In order to investigate the direct and indirect noise generation, a compressible LES of the Cambridge EWG configuration is performed using the in-house, compressible LES code Boundary Fitted Flow Integrator (BOFFIN-LESc). The pressure-based LES code utilizes the governing equations for compressible flow, including the equation for total enthalpy, and is based on the use of structured multi-block grids. The convection terms in the momentum equations are approximated by a second order central difference scheme, and as such, there is no “numerical” dissipation—at least on a uniform mesh—and it is thus likely negligible. A spatial filtering operation is performed to the governing equations to separate the larger scales from the smaller ones. The unknown sub-grid scale stress arising due to filter operation is approximated via a Smagorinsky sgs viscosity in conjunction with the dynamic procedure of Piomelli and Liu.^{22} Constant and equal Prandtl and Schmidt numbers with a value of 0.7 are used throughout for both “molecular” and *sgs* fluxes. This is a commonly invoked assumption, and it is not expected to result in significant error. Also at high turbulence Reynolds numbers, the “molecular” transport is overall substantially smaller than the sgs transport.

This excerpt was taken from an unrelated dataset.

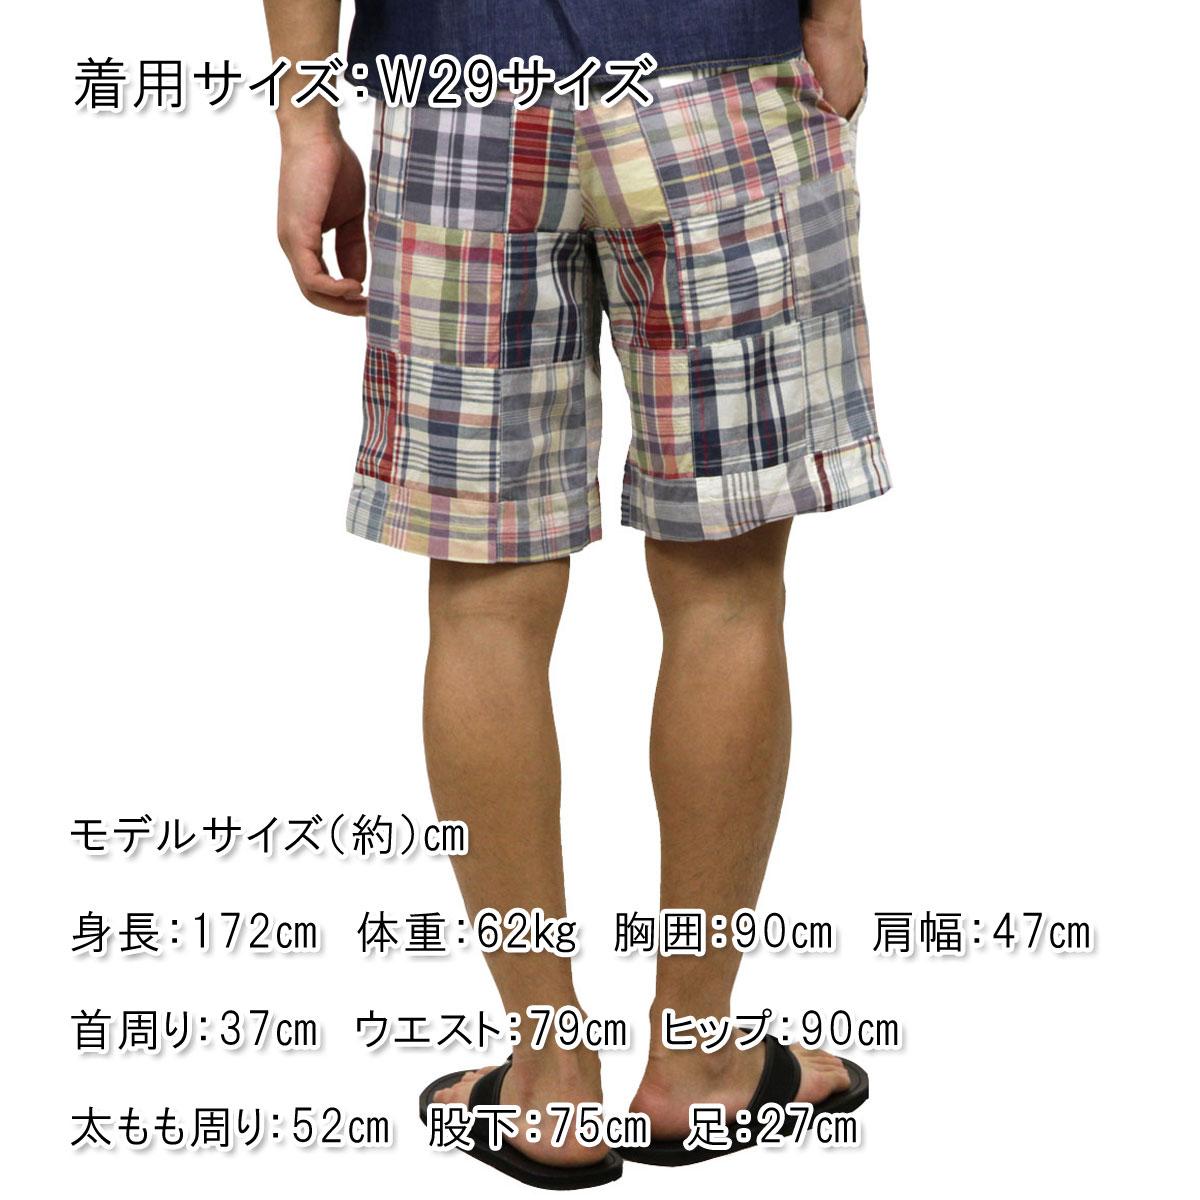 【ポイント10倍 6/21 20:00~6/26 01:59まで】 ポロ ラルフローレン POLO RALPH LAUREN 正規品 メンズ ショートパンツ MADRAS PATCHWORK SHORTS D20S30
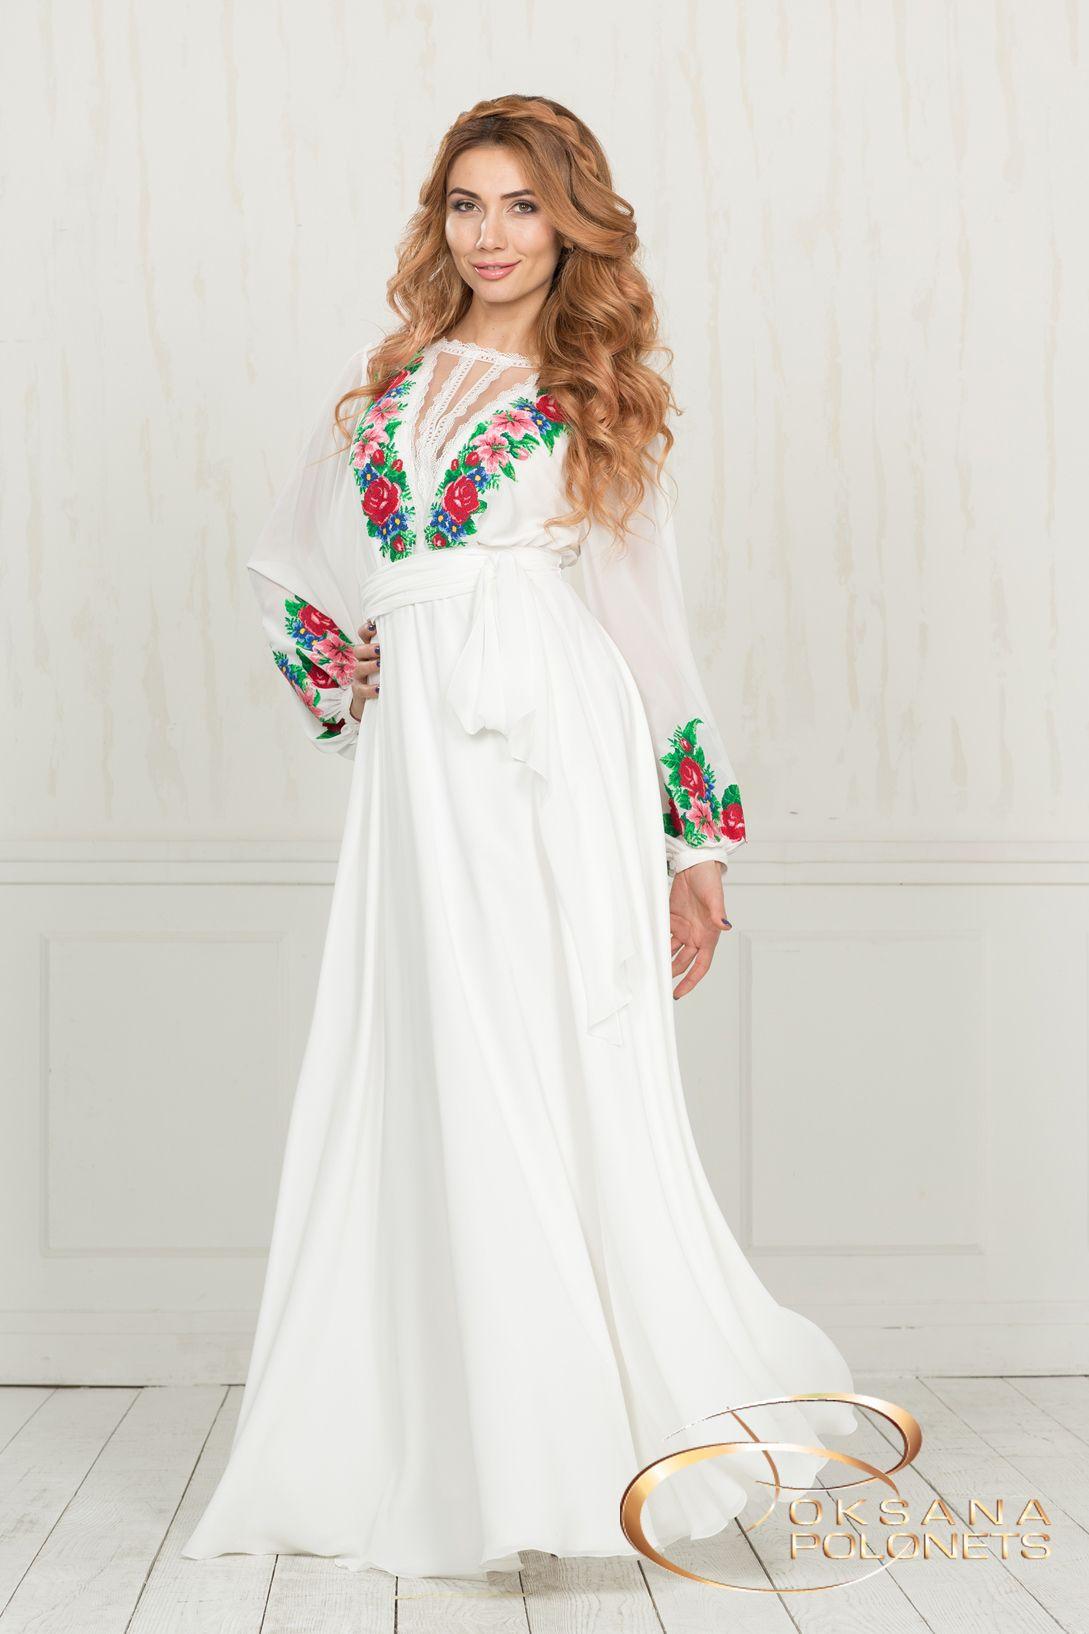 Пін від користувача Zoryana Roman на Dress in Ukrainian style - плаття  (сукні) в українському стилі  45ff9228c97b2

Details of the mathematical formulations can be found in the previous work.^{23} BOFFIN-LESc has proven its capability for a variety of turbulent flames,^{24,25} including instabilities in complex geometries such as model swirl-stabilized configurations.^{26,27}

### B. Boundary conditions and grids

The computational domain covers the upstream pipe, nozzle, and part of the downstream pipe. The domain length of the downstream pipe is reduced for cost considerations, with all other dimensions being those listed in Table I. This modification of downstream length is supported by the use of a non-reflective outlet boundary condition,^{28,29} with a relaxation coefficient of 0.28,^{28} to minimize flow distortion and numerical reflection at the exit. Fully reflective inlet boundary conditions are imposed at the inlet of the pipe to match the experimental impedance discussed in Sec. II A. No-slip adiabatic boundary conditions together with the approximate near-wall, semi-log law based model of Schumann described in Ref. 30 are applied to all solid boundaries. Four meshes are created as listed in Table II. Meshes M1, M2, and M3 cover the same domain with different grid sizes, representing coarse, medium, and fine meshes, respectively. The meshes are smoothly clustered toward the nozzle and throat regions where the minimum mesh spacing exists. For M1, M2, and M3, the minimum mesh sizes are 0.5, 0.25, and 0.15 mm in the axial direction ($\delta amin$) and 0.5, 0.5, and 0.25 mm for the radial directions ($\delta rmin$), respectively. Mesh M4 is based on M2 but extended to cover a longer domain with a longer downstream pipe with *L*_{2} = 2.2m. This allows the examination of the potential effect of the downstream pipe length on the flow field. Figure 2 shows a sliced view of meshes M1–M4, where different grid sizes and domain lengths can be seen qualitatively. The results of the mesh sensitivity study will be discussed in Sec. IV A.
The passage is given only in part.